Member of the U.S. House of Representatives from Mississippi's at-large district
- In office March 4, 1819 – March 14, 1826
- Preceded by: George Poindexter
- Succeeded by: William Haile

Chairman of the United States House Committee on Natural Resources
- In office 1821–1826
- Preceded by: Richard Clough Anderson, Jr.
- Succeeded by: John Scott

Personal details
- Born: 1788 Washington County, Pennsylvania, U.S.
- Died: March 14, 1826 (aged 37–38) Washington D.C., U.S.
- Resting place: Congressional Cemetery
- Party: Democratic-Republican
- Other political affiliations: Jacksonian

= Christopher Rankin =

American politician (1788–1826)

Christopher Rankin (1788 – March 14, 1826) was an attorney and politician from Pennsylvania, who moved to the Mississippi Territory in 1809. He was a delegate to the state constitutional convention in 1817, and was later elected as a U.S. representative for several terms, serving from 1819 to 1826.

==Early life and education==
Born in Washington County, Pennsylvania, Rankin attended preparatory studies at Jefferson College (now Washington & Jefferson College) in Canonsburg, Pennsylvania and graduated in 1808. He moved to Georgia, where he taught a village school and studied law at the same time.

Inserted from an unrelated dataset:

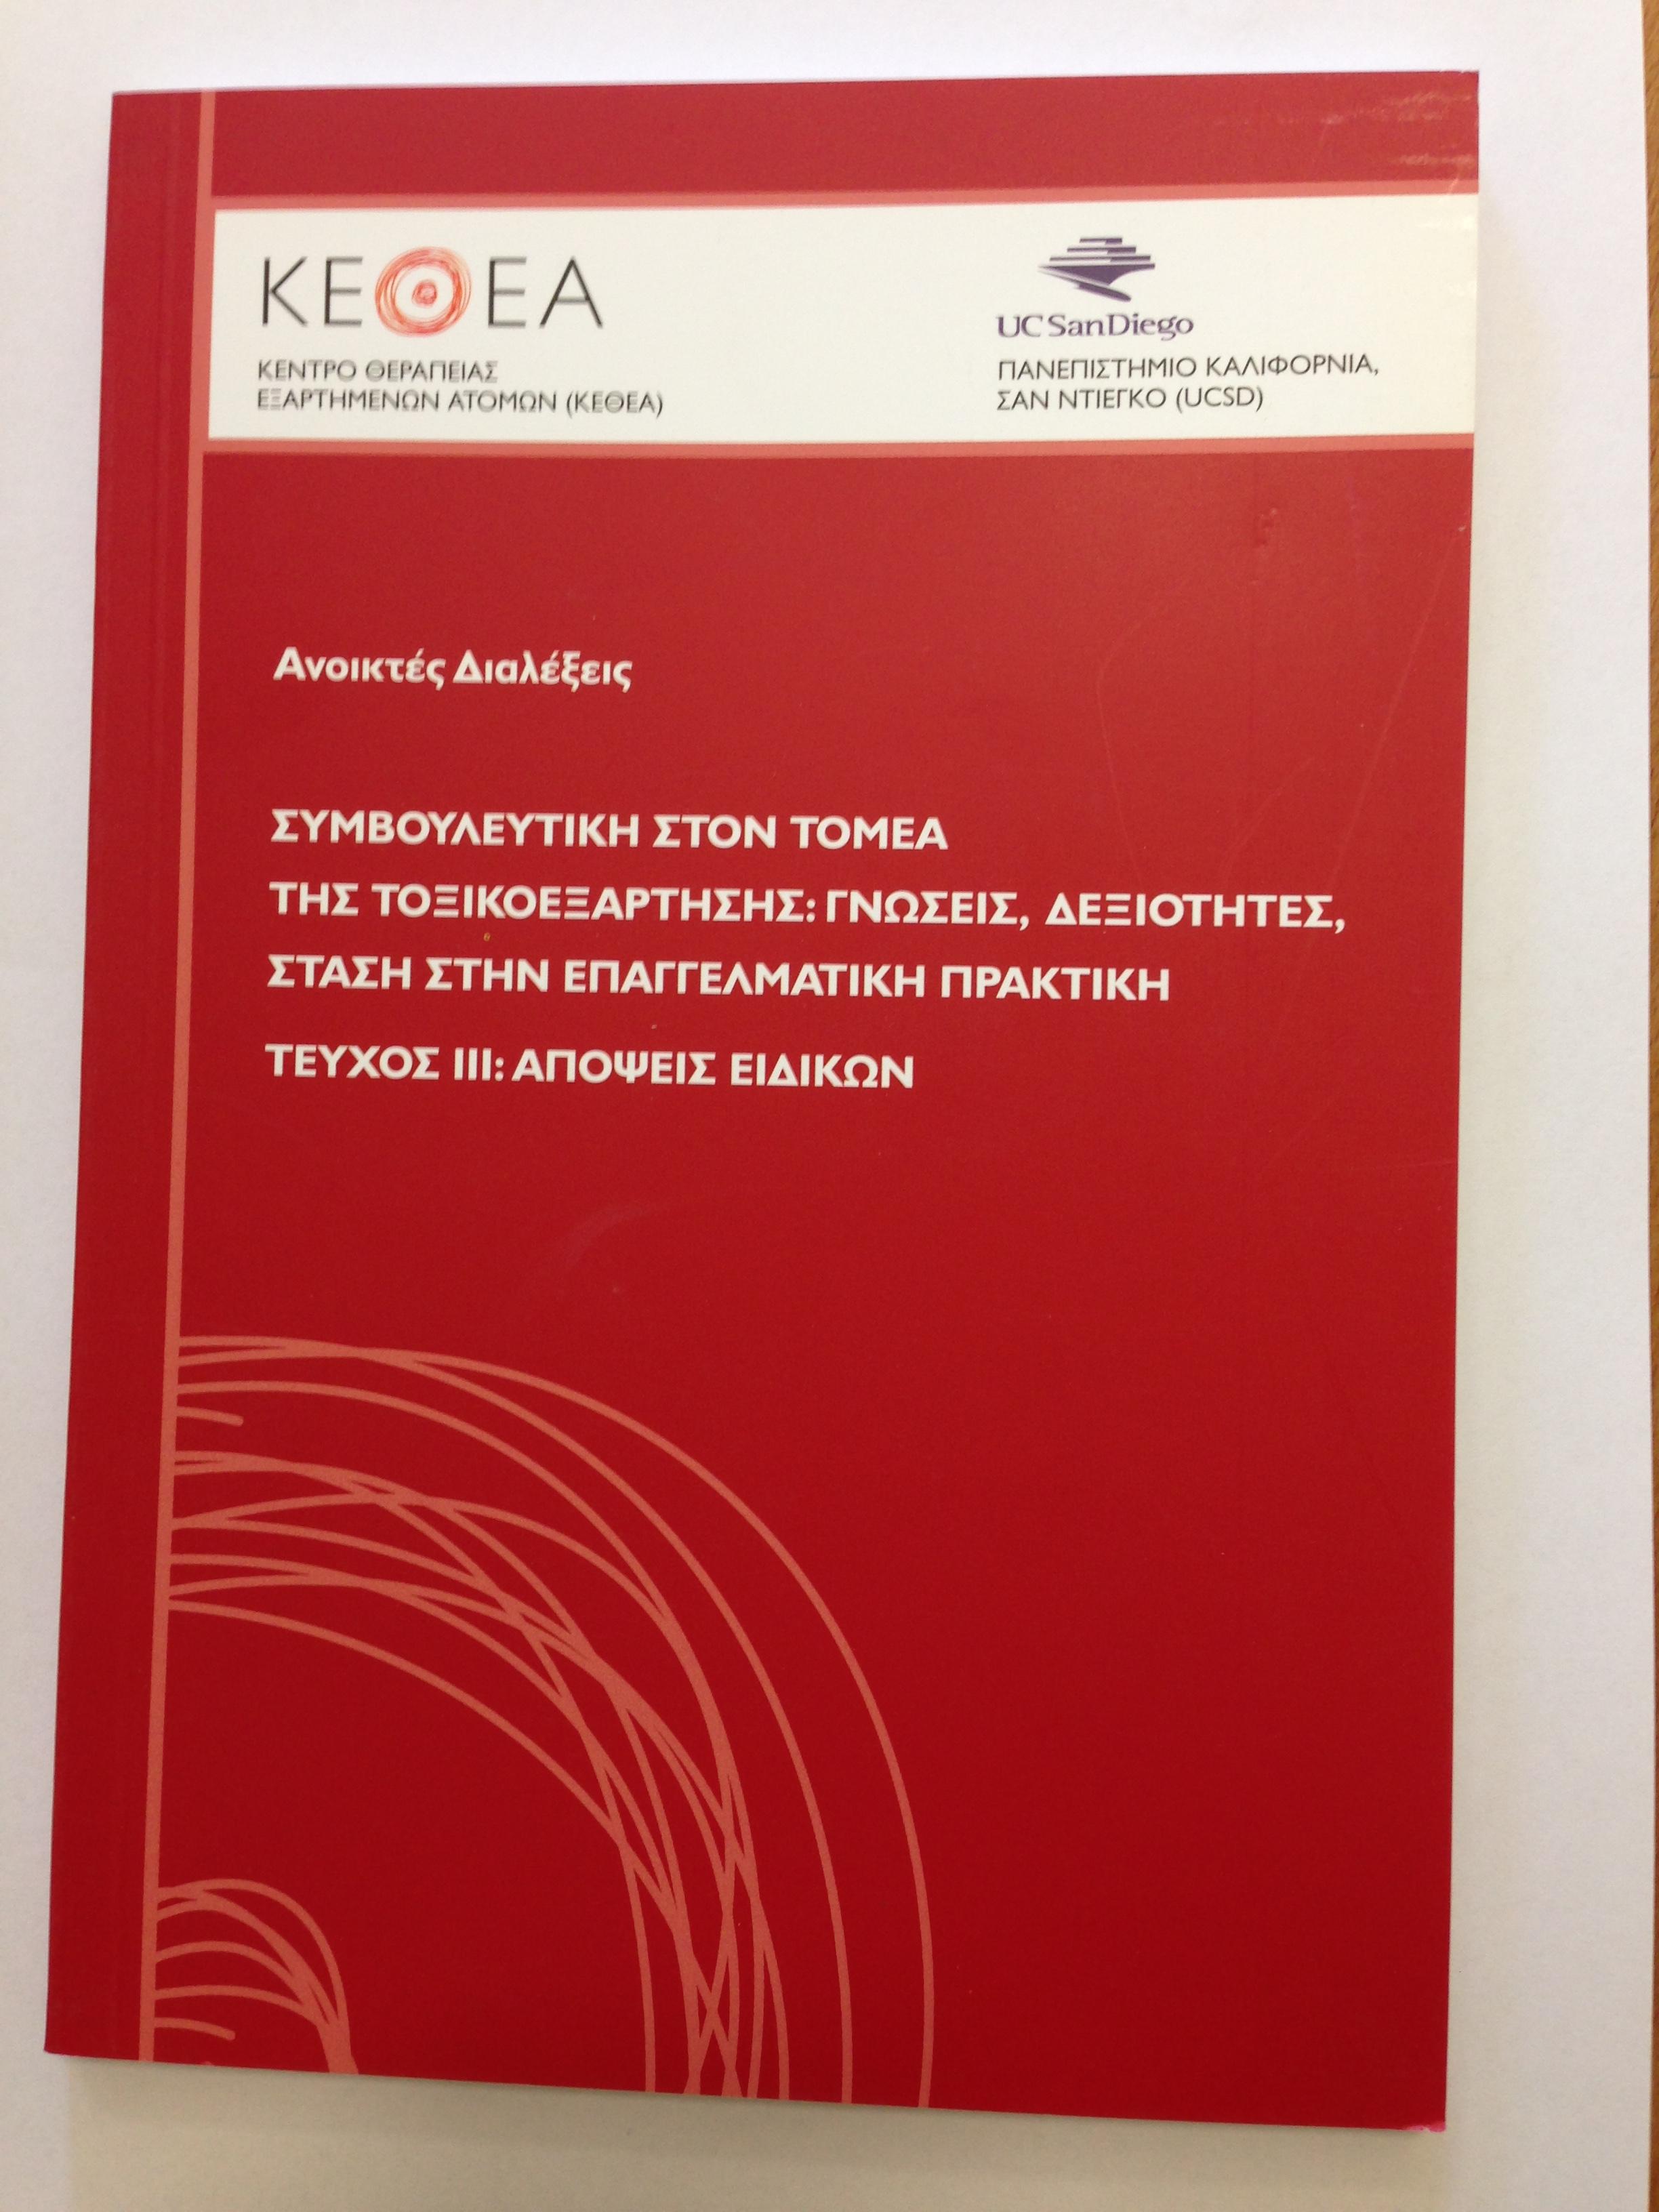 KETHEA_Editions004

After being admitted to the bar in 1809, he began practice in Liberty, Mississippi.

==Political career==
Rankin was elected to a term as a member of the territorial legislature in 1812, serving one year. He moved to Natchez, Mississippi, in 1816 and practiced law. He was elected as a delegate to the state constitutional convention in 1817. That year he ran as an unsuccessful candidate for United States Senator in 1817 (the position at that time was elected by the state legislature). After that, he held several local offices.

Rankin was elected as a Democratic-Republican to the Sixteenth and Seventeenth Congresses, reelected as a Jackson Republican to the Eighteenth Congress, and elected as a Jacksonian to the Nineteenth Congress, serving from March 4, 1819, until his death in Washington, D.C., March 14, 1826. He served as chairman of the Committee on Public Lands (Seventeenth through Nineteenth Congresses). He was interred in the Congressional Cemetery.

==See also==

- List of members of the United States Congress who died in office (1790–1899)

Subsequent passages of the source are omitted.